As Crooks and Liars points out, Feinstein’s argument here ignores the fact that both consumers and employers would have billions of dollars freed up every year in savings in what they paid out for insurance and health care. This would improve California’s economy, not harm it.
Other key players such as Harry Reid and Kent Conrad are also high on this list.
This is nauseating to contemplate. I’ve yet to hear a convincing argument — one based on realities rather than ideological fears of a single-payer Trojan horse or “unfair” competition a public plan would pose to the ludicrously inefficient private insurance system — as to why we shouldn’t have a public plan option. So why aren’t Democrats supporting it? Or rather, why are Democrats killing the public-plan option?
Boy, I’d hate to think it’s the money. But the thinness of the arguments make me think I’d be stupid to think otherwise.
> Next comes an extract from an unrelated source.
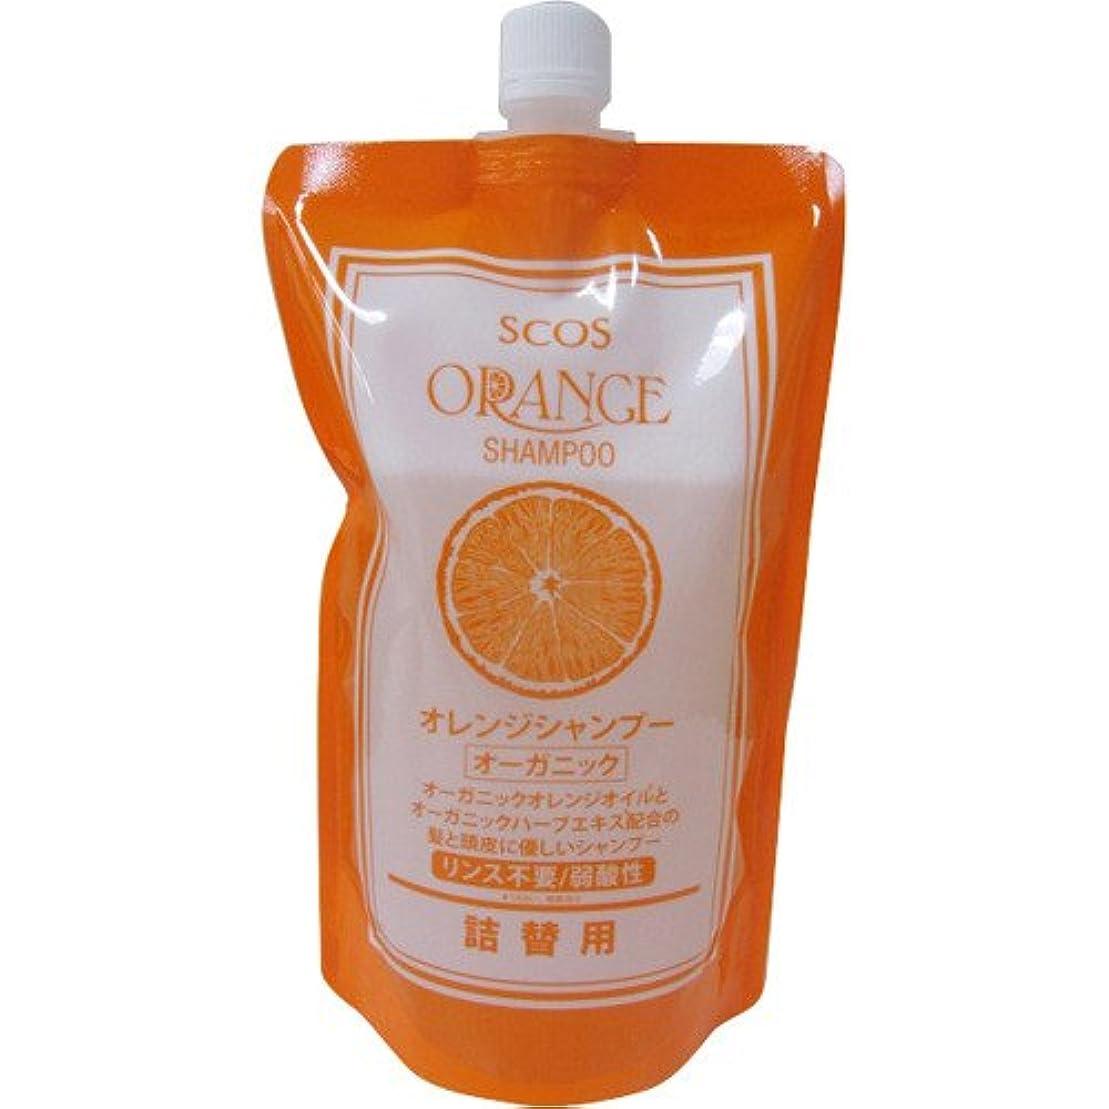 聖歌ペスト哺乳類エスコス オレンジシャンプーオーガニック 詰替用 700ml
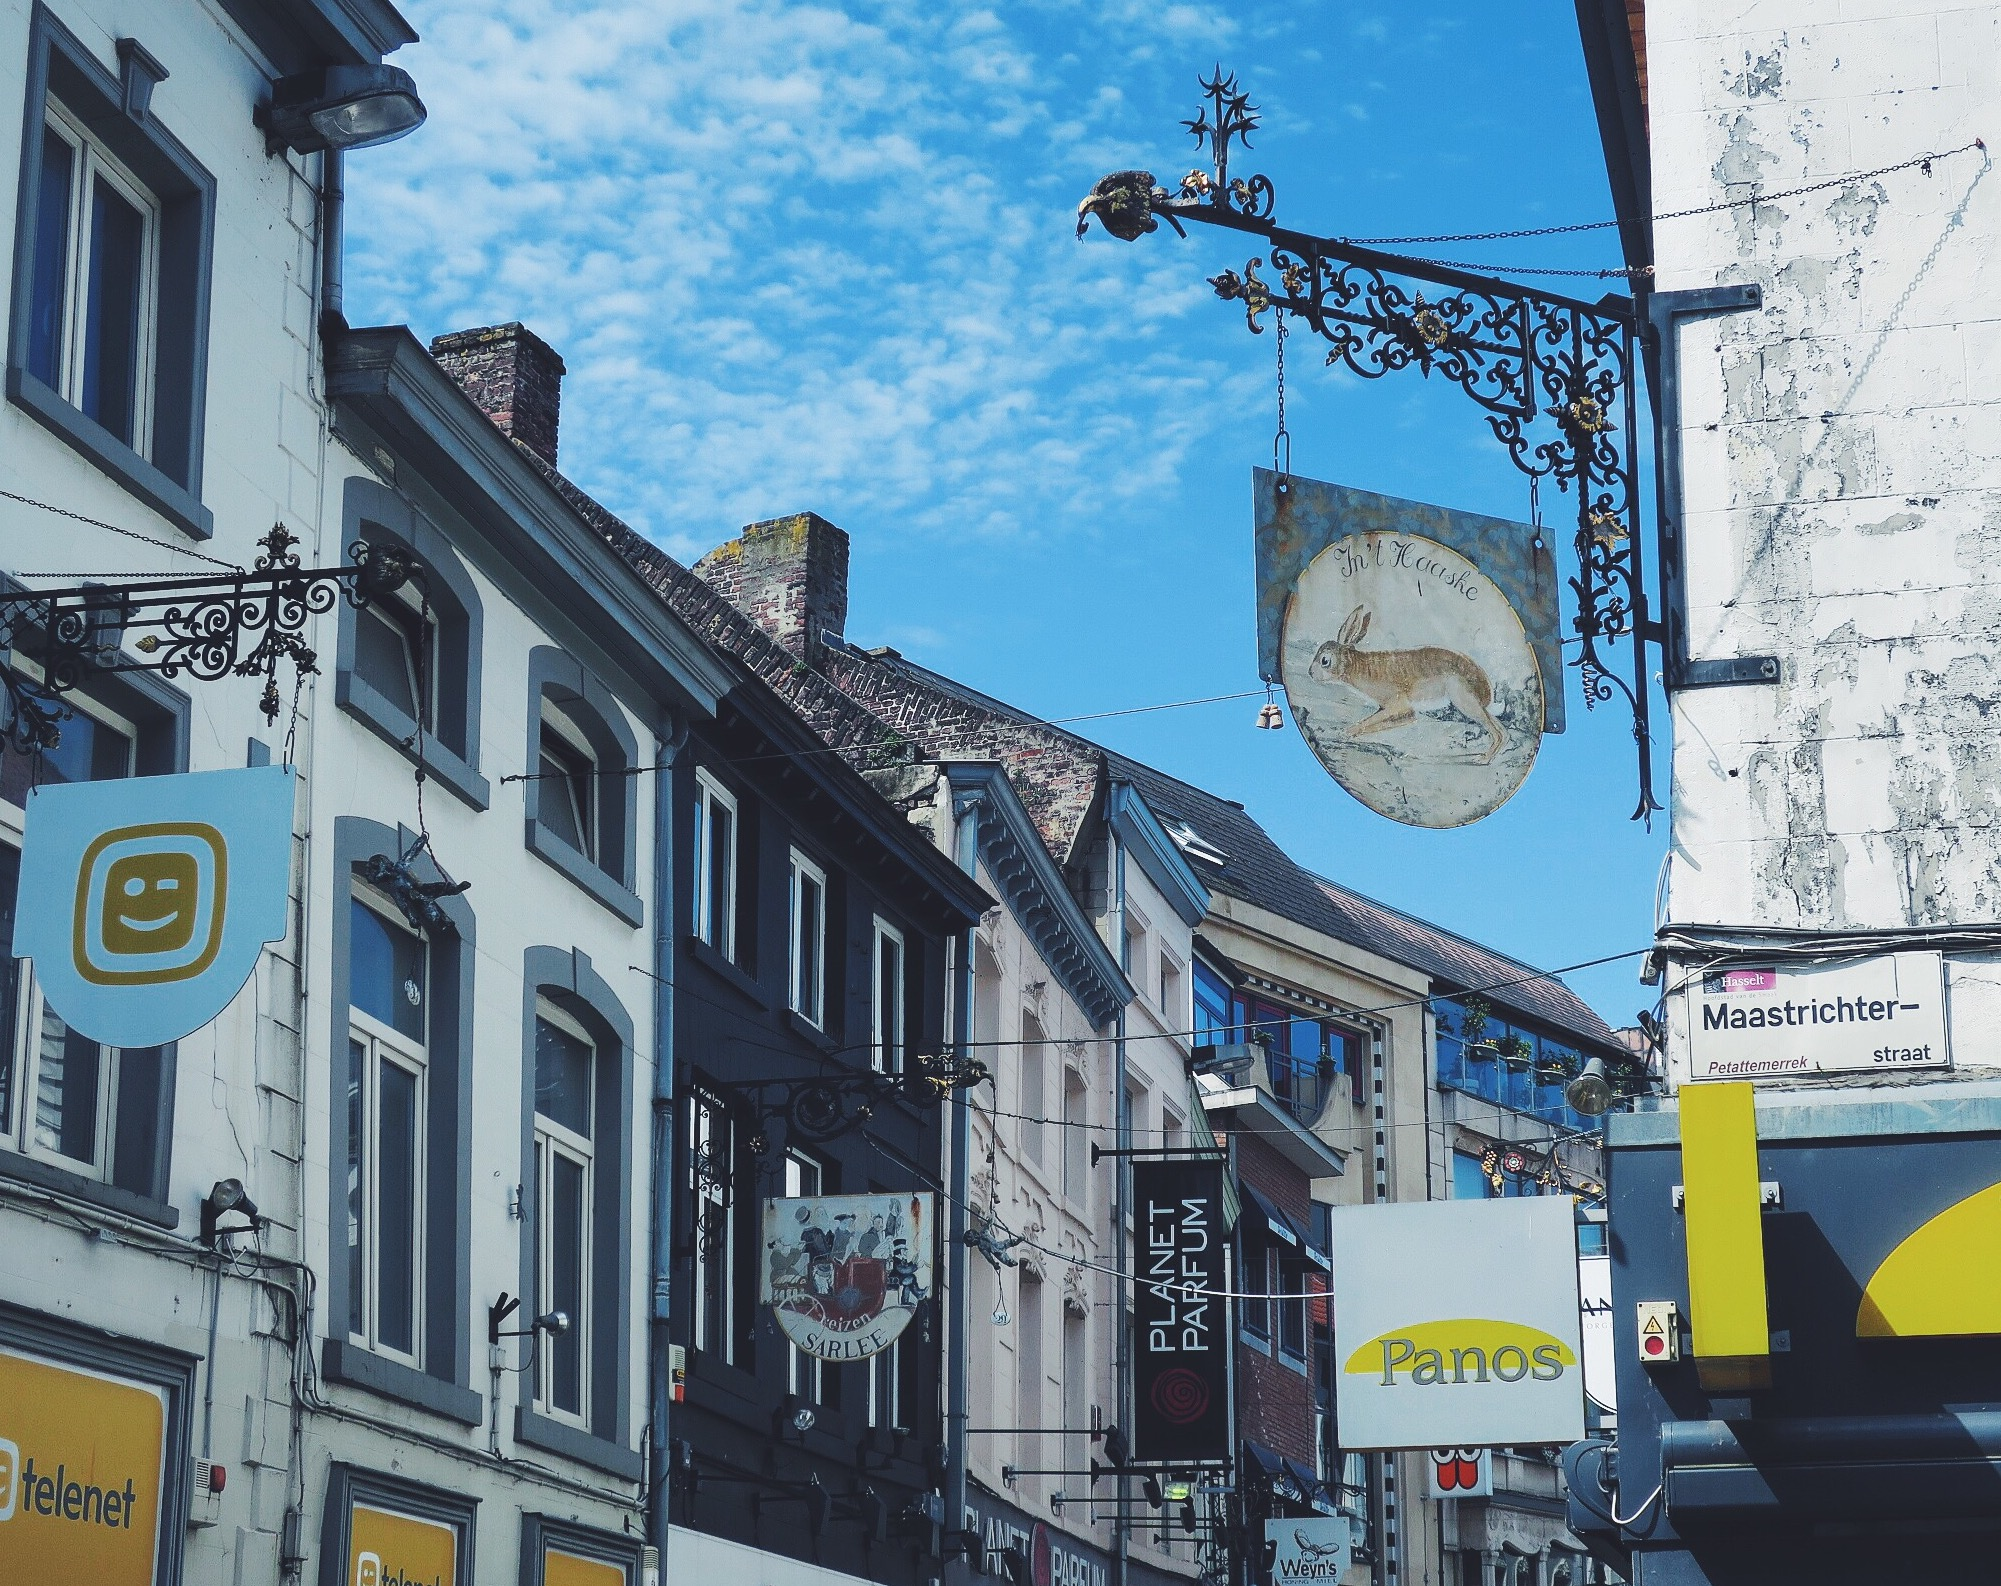 Maastrichterstraat

As Nate Silver put it,
“I’m generally not one to carp about special interest money — seeing politics through that lens is often an overly reductive formulation that serves as a catch-all excuse any time Congress does something you don’t like. But on something like the public option, which has broad public support and which would probably reduce — not increase — the long-run bill to the taxpayers, it is just about the only way to explain what’s going on in Washington.”